Your task :: The records, repeated exactly and in full, are the expected answer.

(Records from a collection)

************

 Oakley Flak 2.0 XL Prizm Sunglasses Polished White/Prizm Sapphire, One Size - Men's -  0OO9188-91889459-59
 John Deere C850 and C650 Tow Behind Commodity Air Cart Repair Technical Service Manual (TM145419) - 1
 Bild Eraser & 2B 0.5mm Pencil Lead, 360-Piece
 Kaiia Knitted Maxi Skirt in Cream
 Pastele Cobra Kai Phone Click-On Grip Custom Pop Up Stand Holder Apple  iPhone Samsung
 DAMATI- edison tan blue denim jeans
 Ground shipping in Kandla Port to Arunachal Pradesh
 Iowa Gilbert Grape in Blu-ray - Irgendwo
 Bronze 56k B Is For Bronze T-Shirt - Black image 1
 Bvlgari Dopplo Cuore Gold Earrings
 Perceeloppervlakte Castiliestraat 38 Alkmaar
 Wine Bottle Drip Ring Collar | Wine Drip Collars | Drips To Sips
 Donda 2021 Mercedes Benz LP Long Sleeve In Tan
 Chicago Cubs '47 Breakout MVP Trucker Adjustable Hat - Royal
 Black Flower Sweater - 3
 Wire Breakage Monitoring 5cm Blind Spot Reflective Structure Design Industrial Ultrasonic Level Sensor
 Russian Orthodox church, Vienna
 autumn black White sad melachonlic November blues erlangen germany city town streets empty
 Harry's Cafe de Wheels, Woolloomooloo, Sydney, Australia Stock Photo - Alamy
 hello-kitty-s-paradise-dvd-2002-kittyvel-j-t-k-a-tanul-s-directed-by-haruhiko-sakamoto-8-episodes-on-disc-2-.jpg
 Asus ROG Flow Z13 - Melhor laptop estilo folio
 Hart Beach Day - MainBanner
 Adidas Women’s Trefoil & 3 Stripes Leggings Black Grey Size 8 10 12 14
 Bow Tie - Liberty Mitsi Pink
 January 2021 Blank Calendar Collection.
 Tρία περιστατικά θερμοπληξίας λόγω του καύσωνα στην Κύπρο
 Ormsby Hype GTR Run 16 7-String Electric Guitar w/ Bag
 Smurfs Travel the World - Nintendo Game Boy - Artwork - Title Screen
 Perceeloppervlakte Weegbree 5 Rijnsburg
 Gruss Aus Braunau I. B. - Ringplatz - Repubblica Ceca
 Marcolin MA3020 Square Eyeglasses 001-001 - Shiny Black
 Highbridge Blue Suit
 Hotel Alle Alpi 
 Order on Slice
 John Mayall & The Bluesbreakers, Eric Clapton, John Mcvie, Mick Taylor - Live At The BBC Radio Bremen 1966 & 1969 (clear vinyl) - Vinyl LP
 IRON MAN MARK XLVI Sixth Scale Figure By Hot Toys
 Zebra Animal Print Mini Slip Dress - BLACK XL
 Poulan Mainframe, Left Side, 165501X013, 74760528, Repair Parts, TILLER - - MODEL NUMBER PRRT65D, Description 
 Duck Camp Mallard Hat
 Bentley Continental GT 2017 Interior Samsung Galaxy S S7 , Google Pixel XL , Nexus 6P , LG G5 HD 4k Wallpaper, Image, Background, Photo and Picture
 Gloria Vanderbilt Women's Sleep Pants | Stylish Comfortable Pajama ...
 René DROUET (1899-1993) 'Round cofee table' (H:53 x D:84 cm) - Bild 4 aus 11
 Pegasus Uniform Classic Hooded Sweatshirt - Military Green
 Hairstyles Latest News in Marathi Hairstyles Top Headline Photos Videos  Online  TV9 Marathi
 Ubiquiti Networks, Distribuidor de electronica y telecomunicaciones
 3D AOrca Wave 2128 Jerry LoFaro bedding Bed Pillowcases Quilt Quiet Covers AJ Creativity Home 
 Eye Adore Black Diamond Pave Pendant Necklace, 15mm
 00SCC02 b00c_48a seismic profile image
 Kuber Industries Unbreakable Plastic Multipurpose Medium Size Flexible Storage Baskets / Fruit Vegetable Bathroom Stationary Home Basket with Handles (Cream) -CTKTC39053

************

Answer ::
 Oakley Flak 2.0 XL Prizm Sunglasses Polished White/Prizm Sapphire, One Size - Men's -  0OO9188-91889459-59
 John Deere C850 and C650 Tow Behind Commodity Air Cart Repair Technical Service Manual (TM145419) - 1
 Bild Eraser & 2B 0.5mm Pencil Lead, 360-Piece
 Kaiia Knitted Maxi Skirt in Cream
 Pastele Cobra Kai Phone Click-On Grip Custom Pop Up Stand Holder Apple  iPhone Samsung
 DAMATI- edison tan blue denim jeans
 Ground shipping in Kandla Port to Arunachal Pradesh
 Iowa Gilbert Grape in Blu-ray - Irgendwo
 Bronze 56k B Is For Bronze T-Shirt - Black image 1
 Bvlgari Dopplo Cuore Gold Earrings
 Perceeloppervlakte Castiliestraat 38 Alkmaar
 Wine Bottle Drip Ring Collar | Wine Drip Collars | Drips To Sips
 Donda 2021 Mercedes Benz LP Long Sleeve In Tan
 Chicago Cubs '47 Breakout MVP Trucker Adjustable Hat - Royal
 Black Flower Sweater - 3
 Wire Breakage Monitoring 5cm Blind Spot Reflective Structure Design Industrial Ultrasonic Level Sensor
 Russian Orthodox church, Vienna
 autumn black White sad melachonlic November blues erlangen germany city town streets empty
 Harry's Cafe de Wheels, Woolloomooloo, Sydney, Australia Stock Photo - Alamy
 hello-kitty-s-paradise-dvd-2002-kittyvel-j-t-k-a-tanul-s-directed-by-haruhiko-sakamoto-8-episodes-on-disc-2-.jpg
 Asus ROG Flow Z13 - Melhor laptop estilo folio
 Hart Beach Day - MainBanner
 Adidas Women’s Trefoil & 3 Stripes Leggings Black Grey Size 8 10 12 14
 Bow Tie - Liberty Mitsi Pink
 January 2021 Blank Calendar Collection.
 Tρία περιστατικά θερμοπληξίας λόγω του καύσωνα στην Κύπρο
 Ormsby Hype GTR Run 16 7-String Electric Guitar w/ Bag
 Smurfs Travel the World - Nintendo Game Boy - Artwork - Title Screen
 Perceeloppervlakte Weegbree 5 Rijnsburg
 Gruss Aus Braunau I. B. - Ringplatz - Repubblica Ceca
 Marcolin MA3020 Square Eyeglasses 001-001 - Shiny Black
 Highbridge Blue Suit
 Hotel Alle Alpi 
 Order on Slice
 John Mayall & The Bluesbreakers, Eric Clapton, John Mcvie, Mick Taylor - Live At The BBC Radio Bremen 1966 & 1969 (clear vinyl) - Vinyl LP
 IRON MAN MARK XLVI Sixth Scale Figure By Hot Toys
 Zebra Animal Print Mini Slip Dress - BLACK XL
 Poulan Mainframe, Left Side, 165501X013, 74760528, Repair Parts, TILLER - - MODEL NUMBER PRRT65D, Description 
 Duck Camp Mallard Hat
 Bentley Continental GT 2017 Interior Samsung Galaxy S S7 , Google Pixel XL , Nexus 6P , LG G5 HD 4k Wallpaper, Image, Background, Photo and Picture
 Gloria Vanderbilt Women's Sleep Pants | Stylish Comfortable Pajama ...
 René DROUET (1899-1993) 'Round cofee table' (H:53 x D:84 cm) - Bild 4 aus 11
 Pegasus Uniform Classic Hooded Sweatshirt - Military Green
 Hairstyles Latest News in Marathi Hairstyles Top Headline Photos Videos  Online  TV9 Marathi
 Ubiquiti Networks, Distribuidor de electronica y telecomunicaciones
 3D AOrca Wave 2128 Jerry LoFaro bedding Bed Pillowcases Quilt Quiet Covers AJ Creativity Home 
 Eye Adore Black Diamond Pave Pendant Necklace, 15mm
 00SCC02 b00c_48a seismic profile image
 Kuber Industries Unbreakable Plastic Multipurpose Medium Size Flexible Storage Baskets / Fruit Vegetable Bathroom Stationary Home Basket with Handles (Cream) -CTKTC39053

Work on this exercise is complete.